• What is being asked:
Give the data again exactly as it appears, excluding any pictures.

• Recorded information:
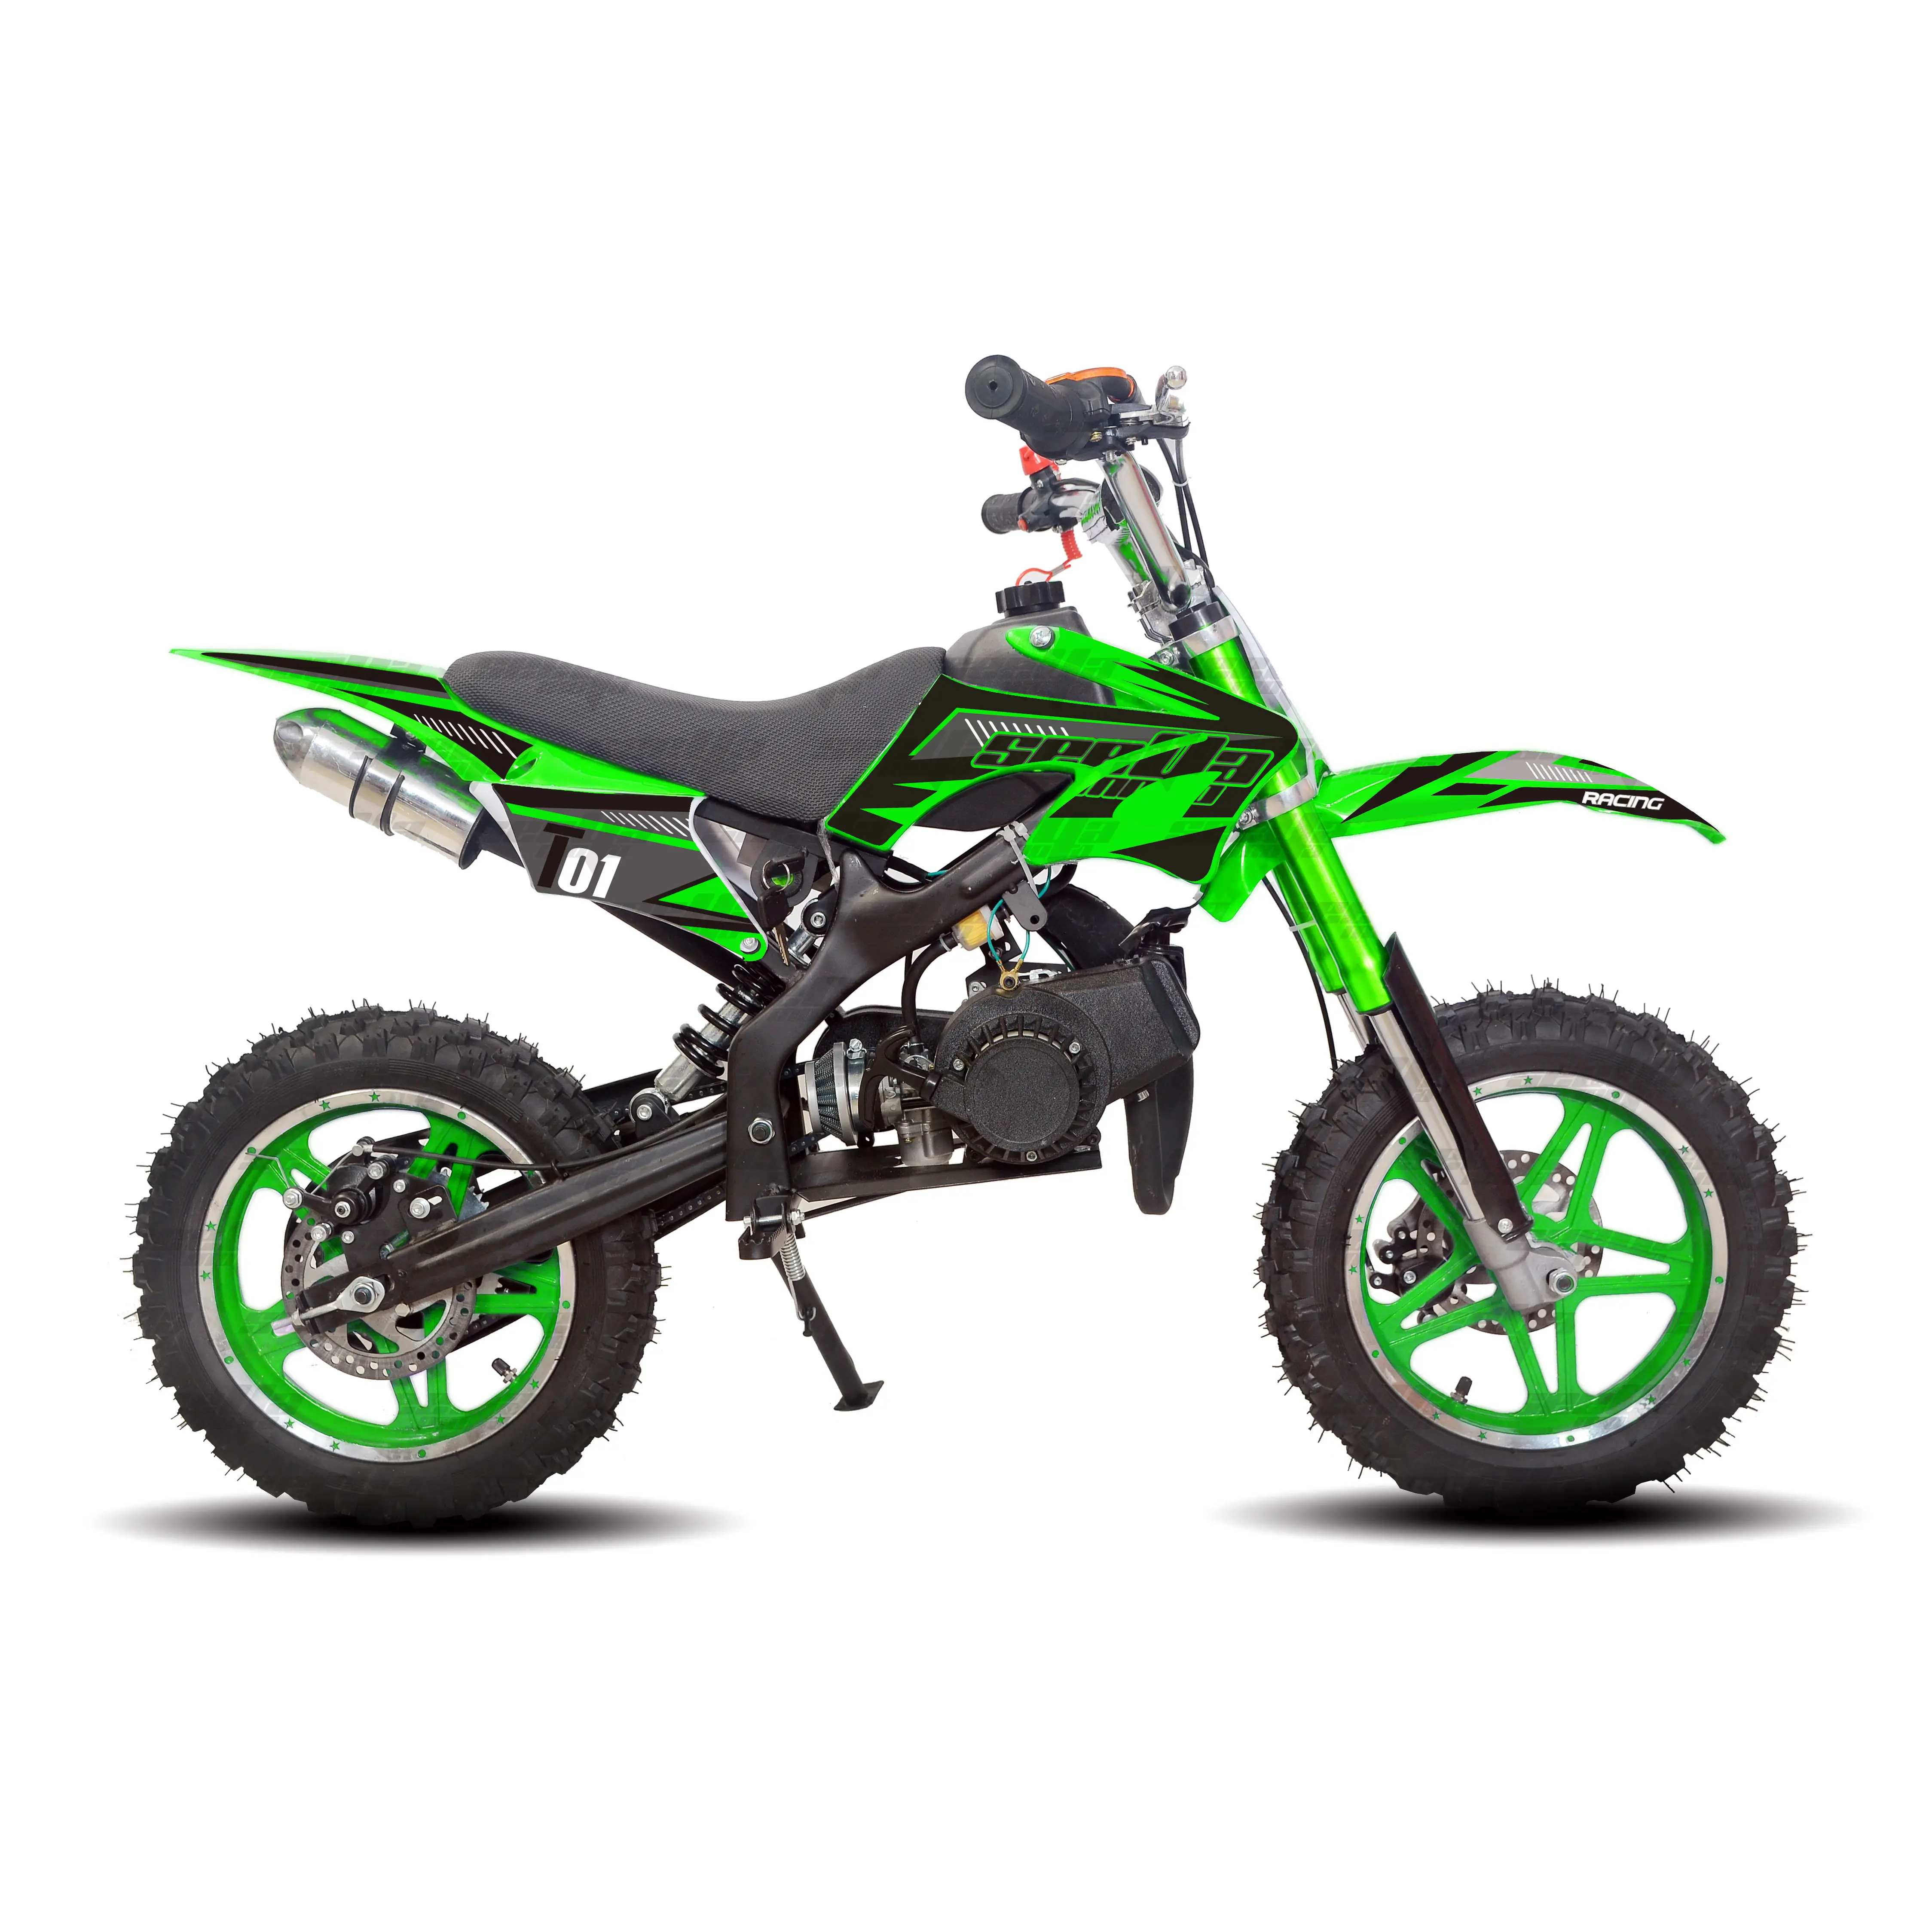 Nouveau mini cross moto vert 49cc 2 temps entièrement automatique pit bike enfants dirt bike cross moto T01 avec CE
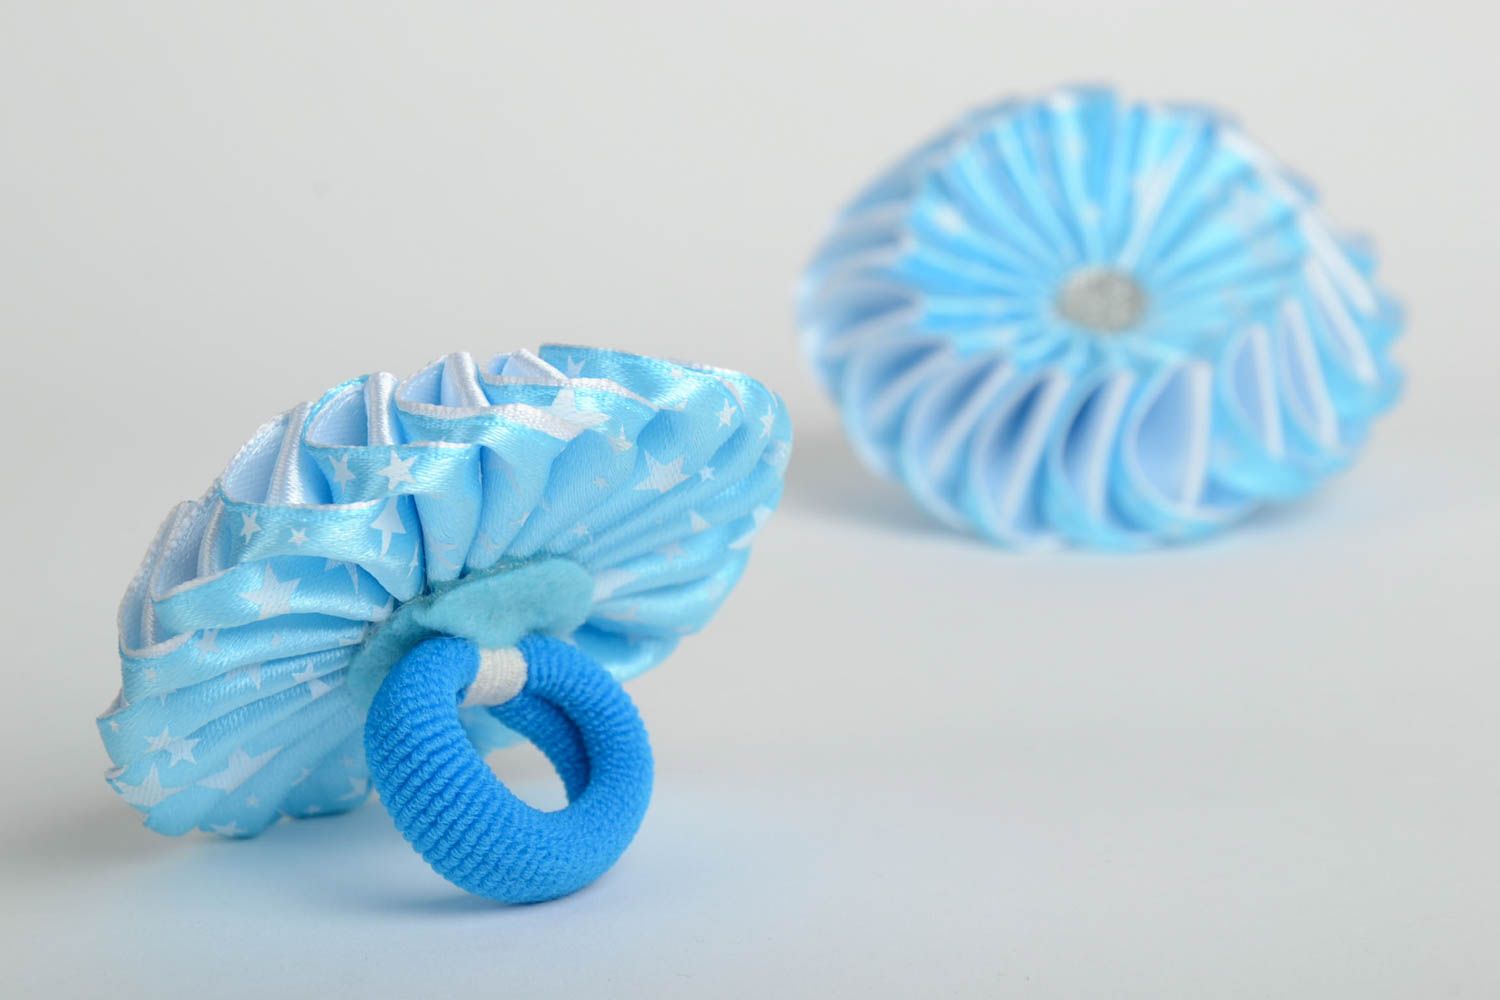 Резинки для волос из атласных лент голубые в технике канзаши набор 2 аксессуара фото 3
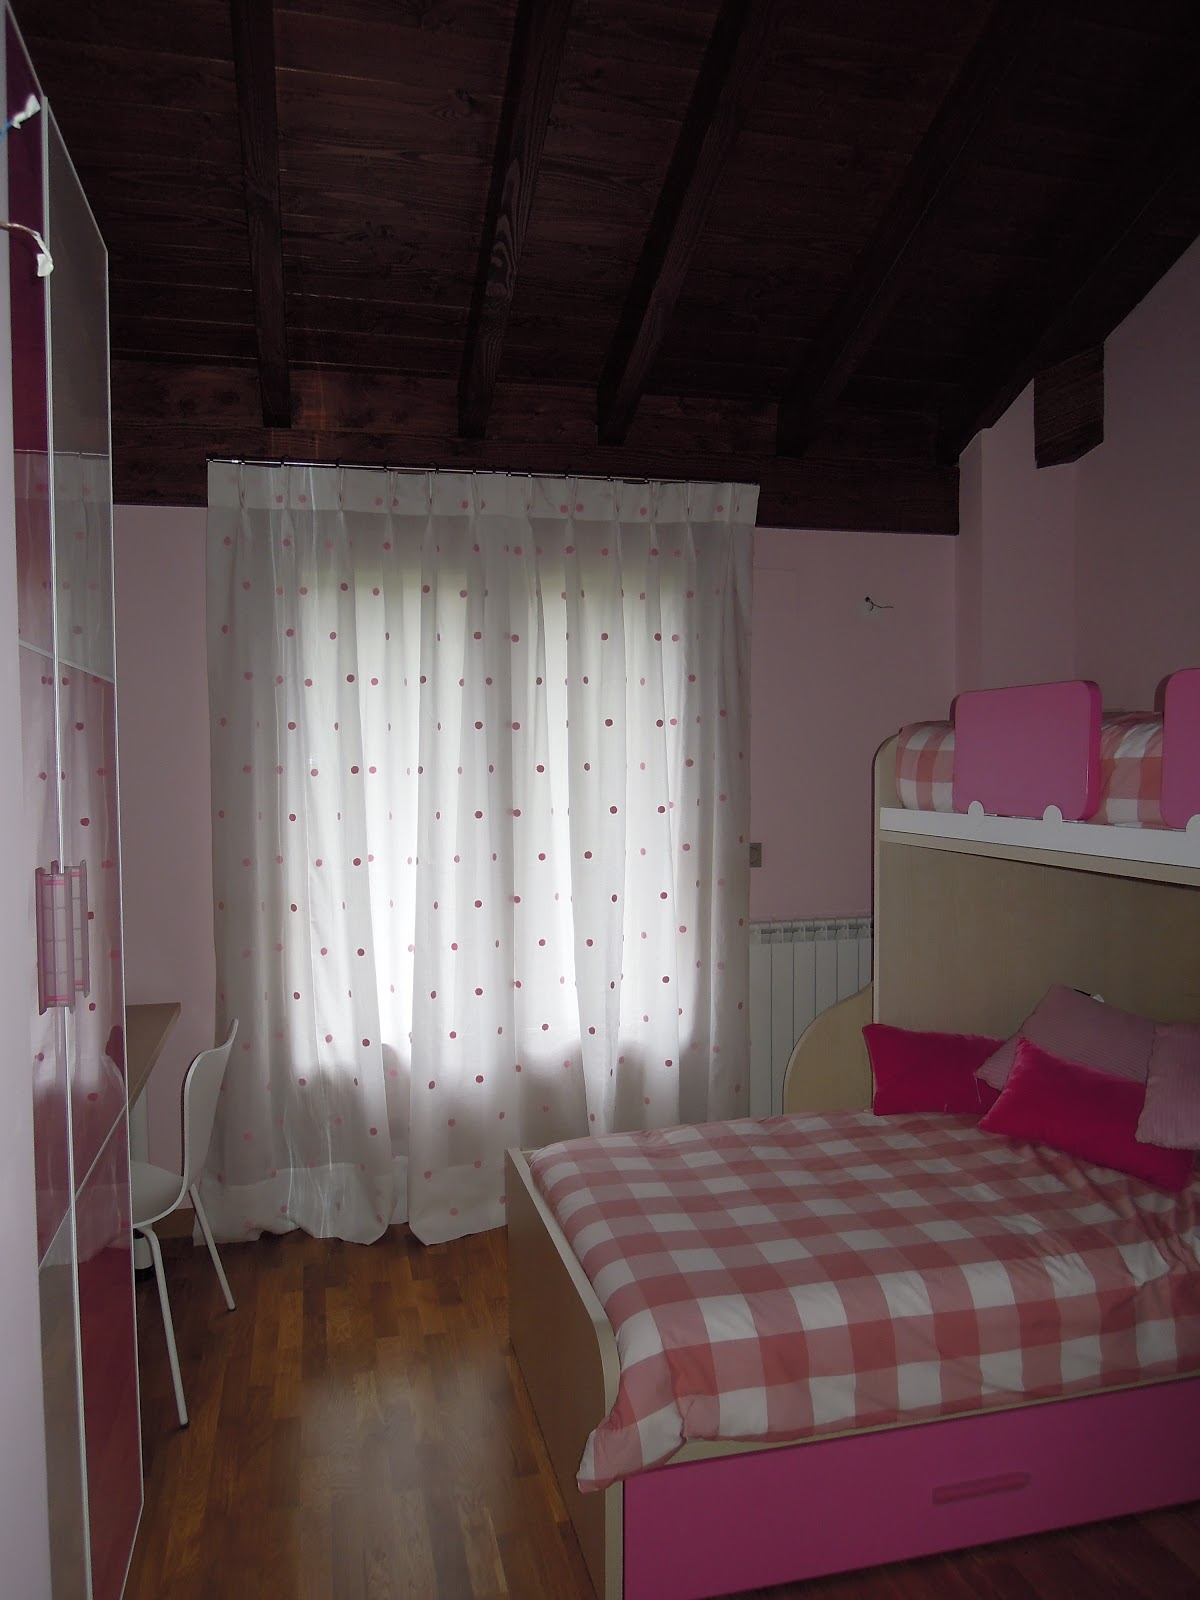 Fotos de Cortinas: Dormitorio Juvenil 2012

• Solution to the exercise:
 Nouveau mini cross moto vert 49cc 2 temps entièrement automatique pit bike enfants dirt bike cross moto T01 avec CE
 Резинки для волос из атласных лент голубые в технике канзаши набор 2 аксессуара фото 3
 Fotos de Cortinas: Dormitorio Juvenil 2012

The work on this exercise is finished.